Италия, входившая формально в Тройственный союз, до сих пор воздерживалась от вступления в войну, но, по-видимому, исподволь готовилась к ней. Для Дягилева она становилась небезопасным местом, и возможность оказаться интернированным — как Нижинский в Будапеште — его совсем не привлекала. Желая удовлетворить свои территориальные претензии, Италия неожиданно перешла на сторону Антанты и 23 мая 1915 года объявила войну Австро-Венгрии. Но Дягилев в это время уже обосновался в нейтральной Швейцарии. В июне он снял виллу Бельрив в Уши, недалеко от Лозанны. Именно сюда стали съезжаться сотрудники и танцовщики возрождающейся труппы.
«У Дягилева громадная вилла, шикарная, старой ренессансной постройки, с фермой, огородом, большим садом и со всякими остальными прелестями, также на самом берегу [Женевского] озера. <…> Половина его труппы уже здесь, остальная приедет на этих двух неделях», — писал 25 июля в Россию Ларионов, недавно приехавший в Швейцарию. В одном из писем он рассказывал о ночной прогулке по Женевскому озеру на катере: «В середине путешествия поднялась гроза, пошёл дождь. Дягилев залез под скамейку. Вообще, было трагично и здесь даже весело — мотор был пущен со всеми силами, какие в нём только были. Мы смеялись, Дягилев был мрачен. Самое нелепое было то, что когда мы через полчаса вернулись назад, то всё озеро было совершенно спокойно».

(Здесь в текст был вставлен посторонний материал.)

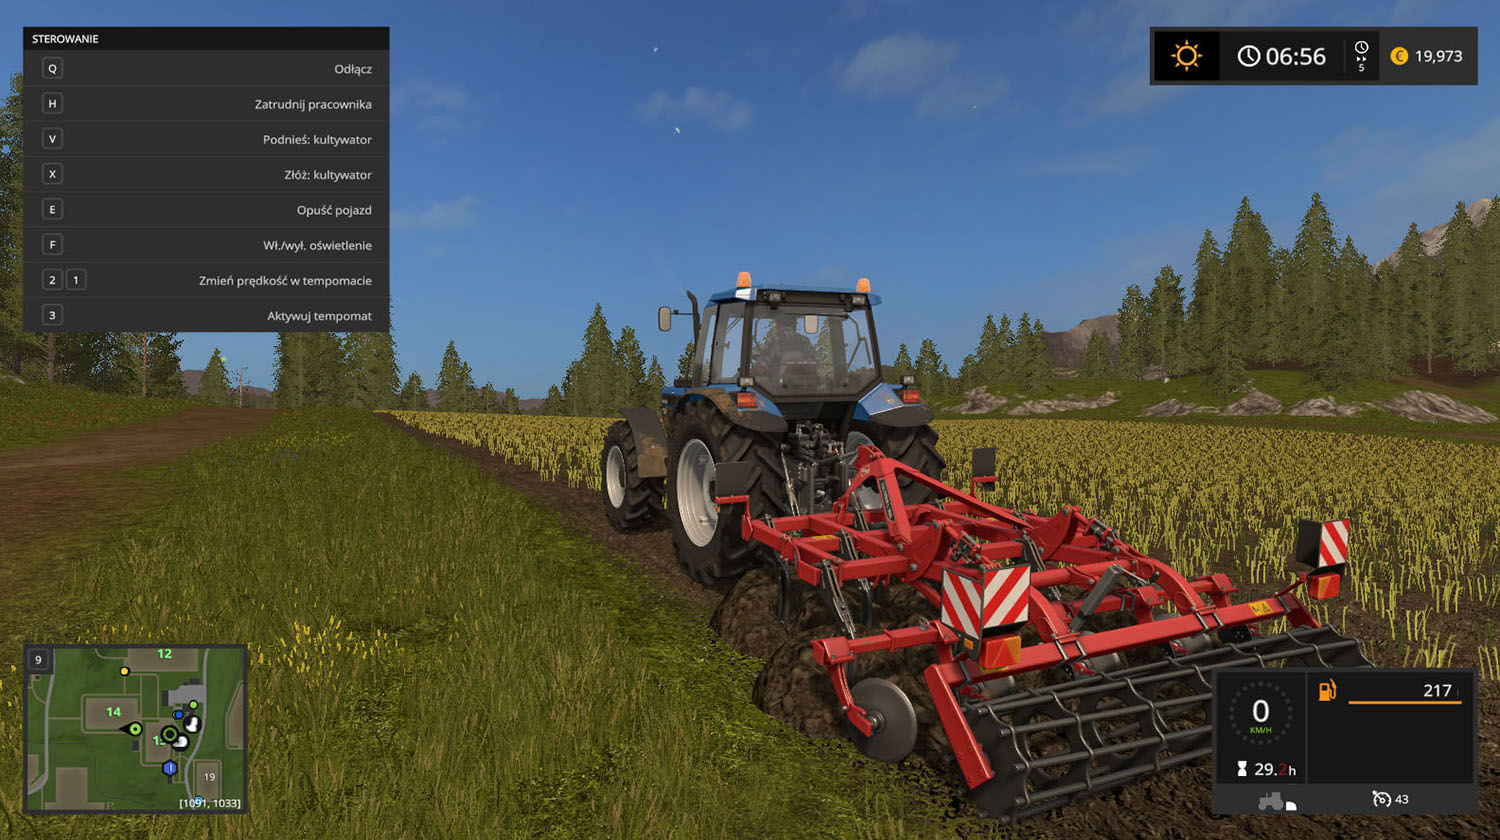 farming simulator 17 download cost

Несмотря на продолжающуюся войну, все, кто был рядом с Дягилевым в Швейцарии, с энтузиазмом готовились к американским гастролям и будущим Сезонам. Никто не сидел сложа руки — работа кипела. В штат сотрудников «Русских балетов» взамен взятого «под ружьё» Пьера Монтё был принят швейцарский дирижёр Эрнест Ансерме, подписавший контракт с Дягилевым 9 июля. Маэстро Чекетти регулярно проводил свои классические уроки для танцовщиков. Импресарио с художниками и близким кругом в горячих спорах обсуждал новые балетные постановки. «Сейчас требуется что-то иное: устремление к свободе в хореографии, свежая подача материала, новая музыка», — уверенно говорил Дягилев. А самым большим его желанием на данный момент было сделать хореографа из Мясина, которого он целенаправленно вёл на эту стезю. Иногда он отлучался по делам во Францию. «Мы всегда знали, когда Дягилев добивался успеха в Париже, ибо у Мясина на пальце появлялся очередной перстень с сапфиром, — вспоминала Лидия Соколова. — Мясин, как и Нижинский, их коллекционировал, но сапфиры Нижинского были в золотой оправе, а у Мясина — в платиновой».